Wednesday, October 28, 2009

The Unspeakable Awfulness of Rambo



Sylvester Stallone returns, older, tougher and more incomprehensible than ever, in the latest installment of the Rambo franchise. Exactly what Sly thinks he's accomplishing by rehashing the hits of his halcyon youth is beyond me - but clearly, there's something of an audience for these films, so why not? While Rocky Balboa was at least mildly diverting, re-capturing some of the spirit of the original, Rambo is a blood-soaked, utterly brainless film with nothing to offer but loads of CGI-aided ultra-violence.

John Rambo (Sylvester Stallone) is still, after all these years, an embittered man who can't forget and move on from his traumatic 'Nam experiences. Living in Thailand and working as, I dunno, a boat man or something, he reluctantly aids a group of pacifist Christian mercenaries (Julie Benz and Paul Schulze) in a trip to war-torn Myanmar to aid victims of the government repression. Low and behold, our misguided missionaries are soon captives of the vicious, evil, rapacious government troops (who love nothing more than cutting off old lady's arms and throwing babies into fire) who for some reason don't kill them. Rambo makes another trip, this time accompanied by a team of loud-mouthed but largely ineffectual and wimpy mercenaries. Long story short: bullets and arrows fly, entrails are ripped out, the screen is spattered with ridiculous CGI-augmented gore, and all is right with the world.

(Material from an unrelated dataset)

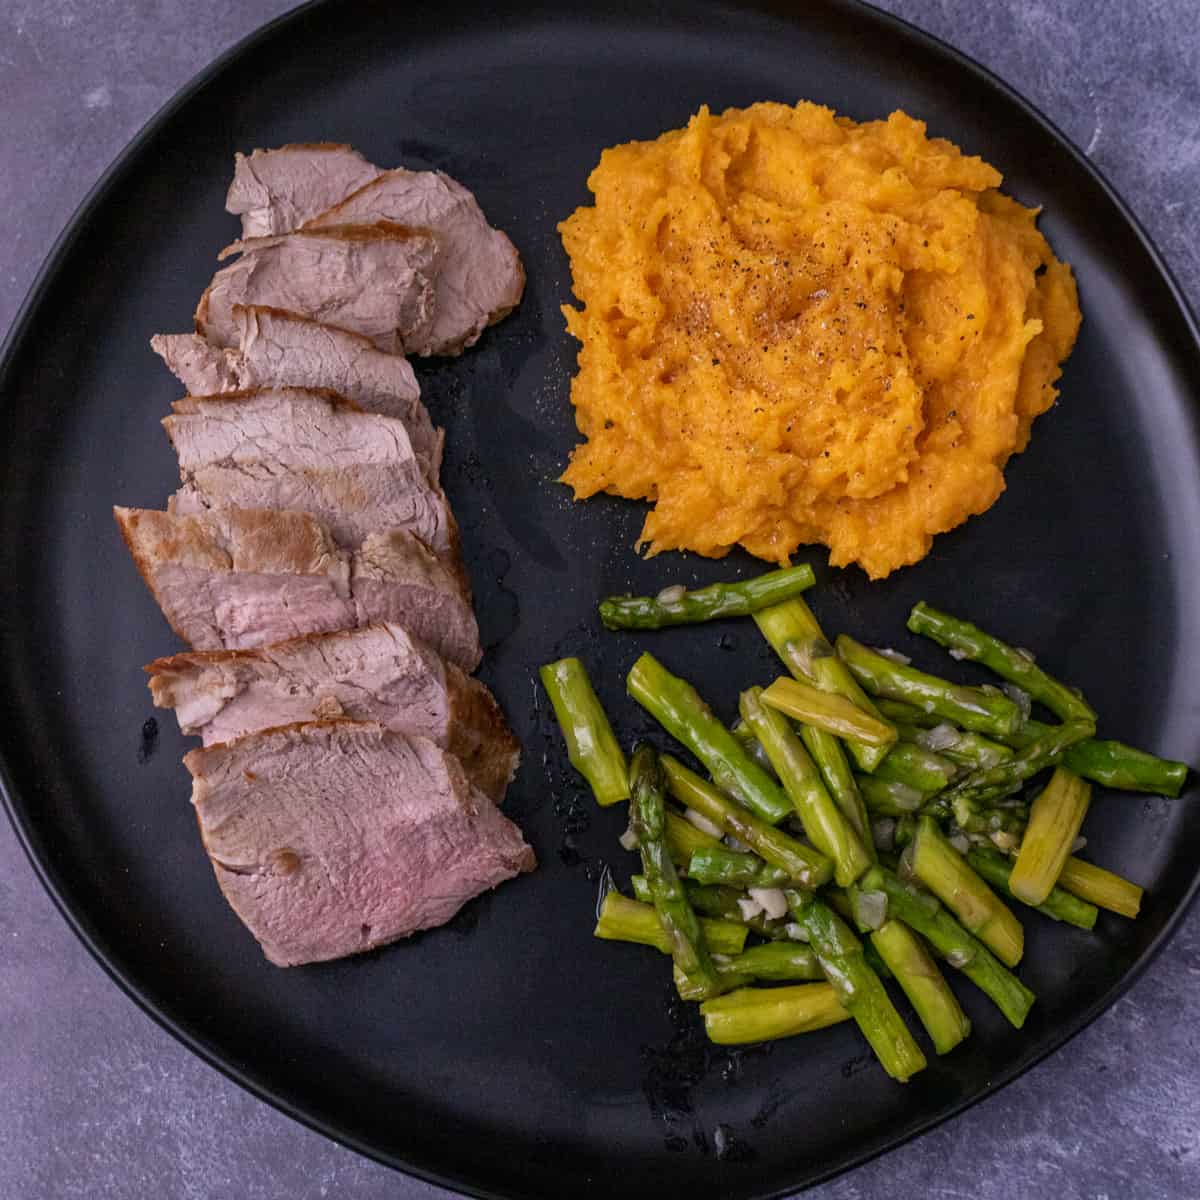 Black plate with pork tenderloin, butternut squash and asparagus

There really isn't much to discuss with Rambo, except that it's shit on an unimaginable scale. The first three films at least had some message or characterization, even if they were cheesy at times. But this time, clocking it at barely 90 minutes (10 of them are credits), the movie neatly dispenses with character and plot, and focuses entirely on the blood-'n'-guts factor. The violence here is ridiculously extreme - Rambo rips out people's windpipes and entrails, heads explode, bodies are lacerated by .50 machine-gun fire, Burmese are raped and mutilated, people are blowed up by mortar rounds, grenades, and claymores - and it's not even realistic or enjoyable because most of it is augmented by CGI. Stallone's direction is horridly inept, using rapid cutting that would make Michael Bay have a seizure, not to mention making the scenes in question near-impossible to follow.

What about our characters? Rambo is the same epigrammatic anti-social scoundrel who kills people more or less because he's good at it. The missionaries are whiny wimps who are apparently here to show that pacifism sucks. The mercenaries are a slightly more colorful bunch, with Graham McTavish fun as their inventively profane leader, but they are effectively impotent clods who contribute nothing to Rambo's mission but a lot of profanity and whining (and more people to rescue at the climax). The Burmese, be they victims or victimizers, don't have even pathetic attempts at characterizations, although we do learn that the Evil Leader (Maung Maung Khin) is gay. It's just impossible to take any of these seriously, but it's not even entertaining on a base, "look at these people getting machine gunned" way. It's just pathetic, though a few unintentional laughs may be had along the way.

Is the movie somehow important because it deals with a real-life situation - the repressive regime of Than Shwe? Hardly. It's done in such a cartoonish, tertiary way that it overlooks the point. And in any case, there's no real attempt to exploring the issue - it's just a backdrop. This movie could have been set anywhere - Darfur, Tibet, even Iraq - and been largely the same film. The Burmese army are pretty much more faceless dudes for Rambo to waste. Rambo's "violence solves everything" policy is a bit hard to swallow too, but then no one comes to these films for the politics (I hope).

What more can be said about Rambo? Even Michael Bay and Uwe Boll would find it incoherent and poorly made. Even Quentin Tarantino would find it excessively, ridiculously violent. Even Keanu Reeves and Chuck Norris would laugh at Sly's excuse for a performance. Even Aung San Suu Kyi would find the portrayal of the Burmese government laughably over-the-top. Even Paul Wolfowitz would probably blanch at the thick-headed bellicosity displayed in Rambo's style of foreign policy. And even fans of 300 would find the movie cartoonish and ridiculous.

Well, on that last count... maybe not.